— TASK INSTRUCTIONS —
Every line from the one holding "Gặp gỡ doanh" through the one holding "older women takins selfie in wood" in the data below must be returned exactly, both ends included, with pictures left out and nothing else added.

— DATA IN THIS EXERCISE —
▽

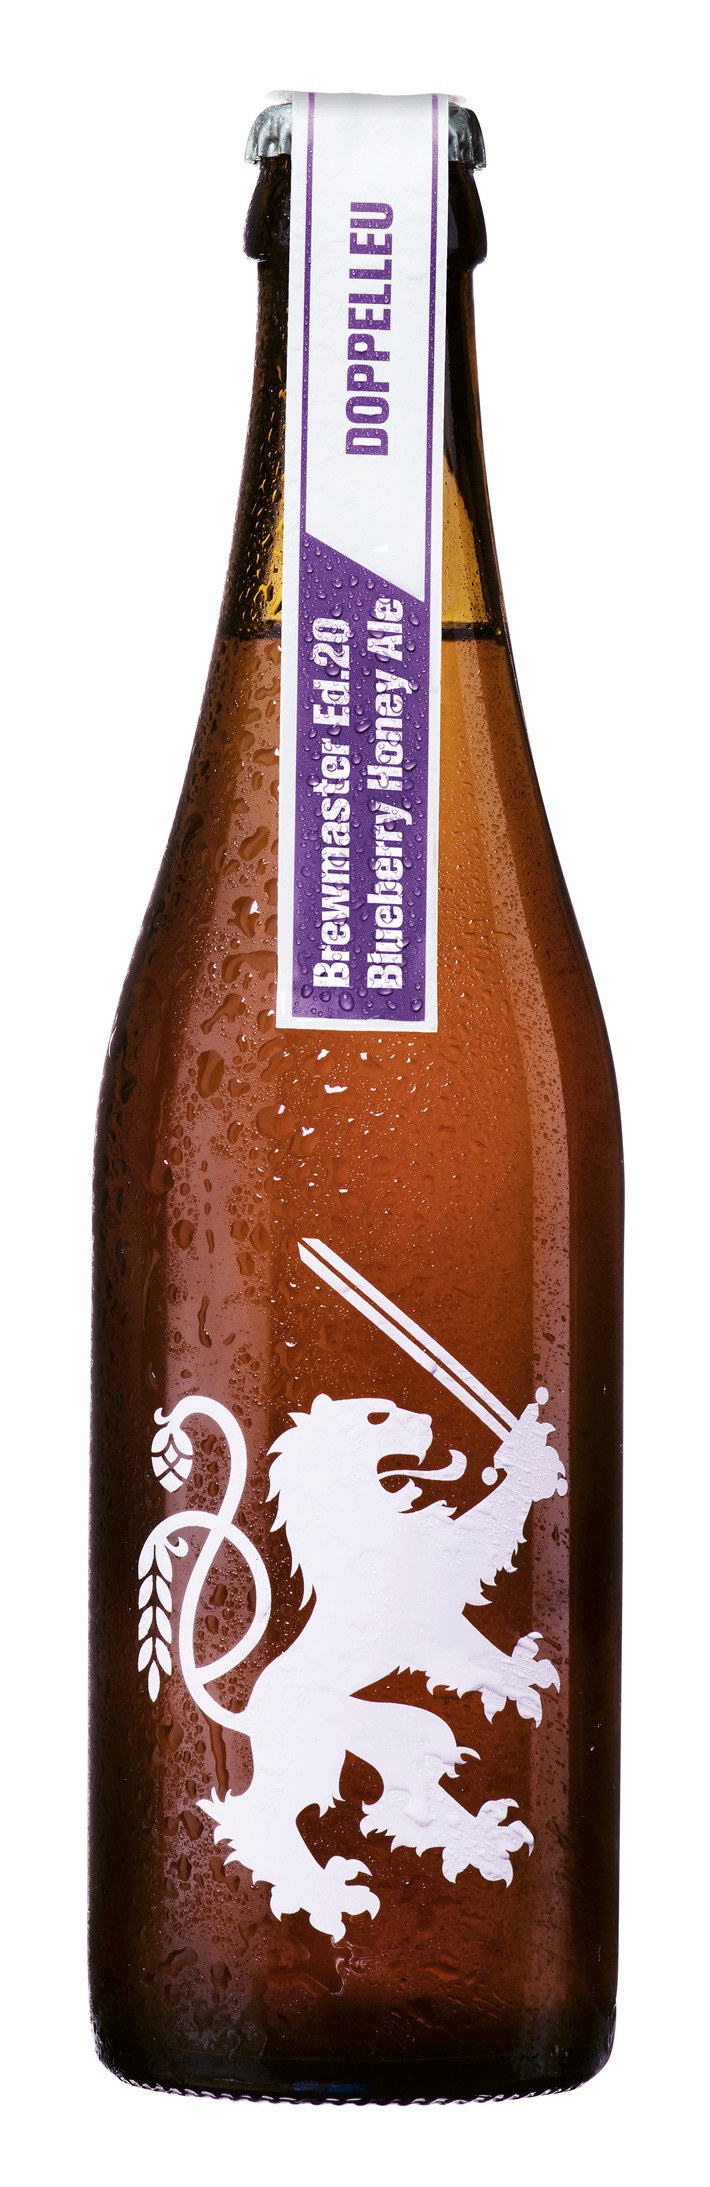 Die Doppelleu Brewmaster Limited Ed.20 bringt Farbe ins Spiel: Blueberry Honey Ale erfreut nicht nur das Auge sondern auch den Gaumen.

△
▽

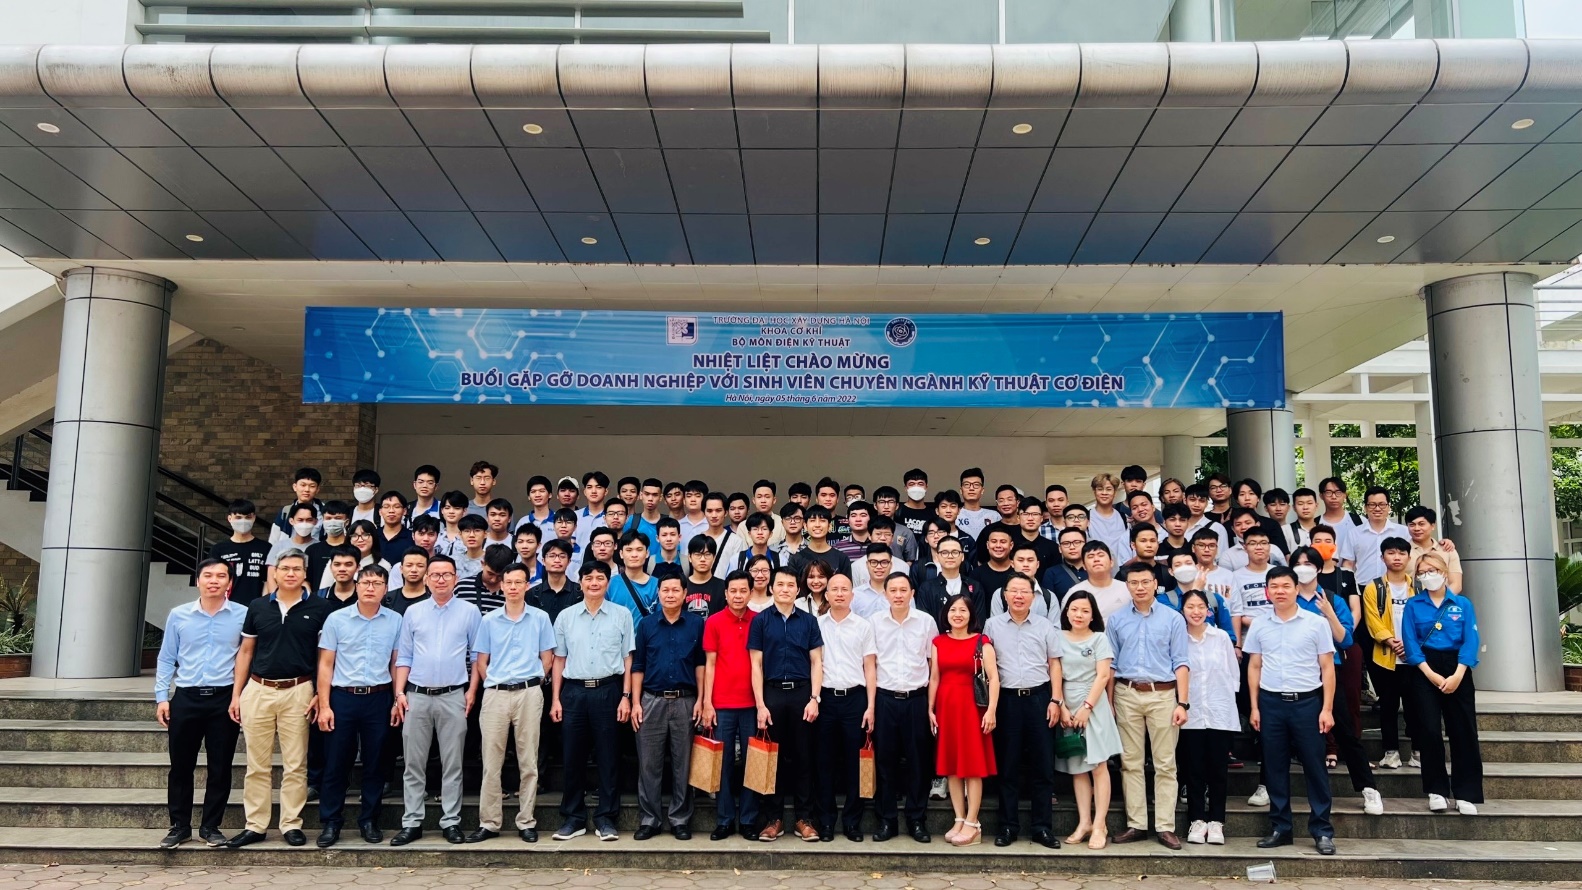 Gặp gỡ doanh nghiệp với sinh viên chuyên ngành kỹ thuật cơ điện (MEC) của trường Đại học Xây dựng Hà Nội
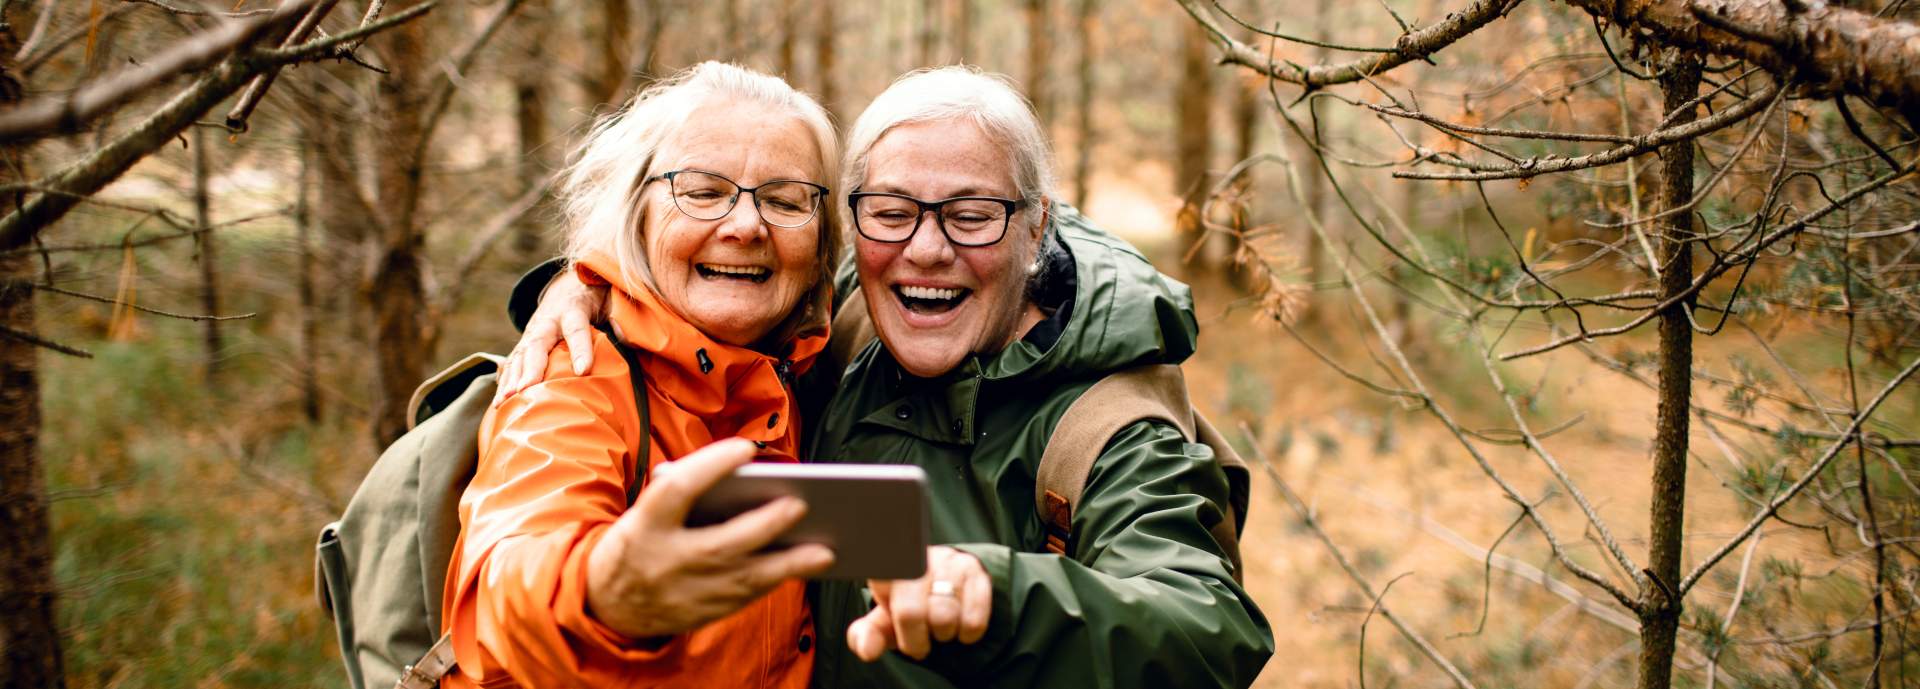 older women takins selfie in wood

△

— SOLUTION —
 Gặp gỡ doanh nghiệp với sinh viên chuyên ngành kỹ thuật cơ điện (MEC) của trường Đại học Xây dựng Hà Nội
 older women takins selfie in wood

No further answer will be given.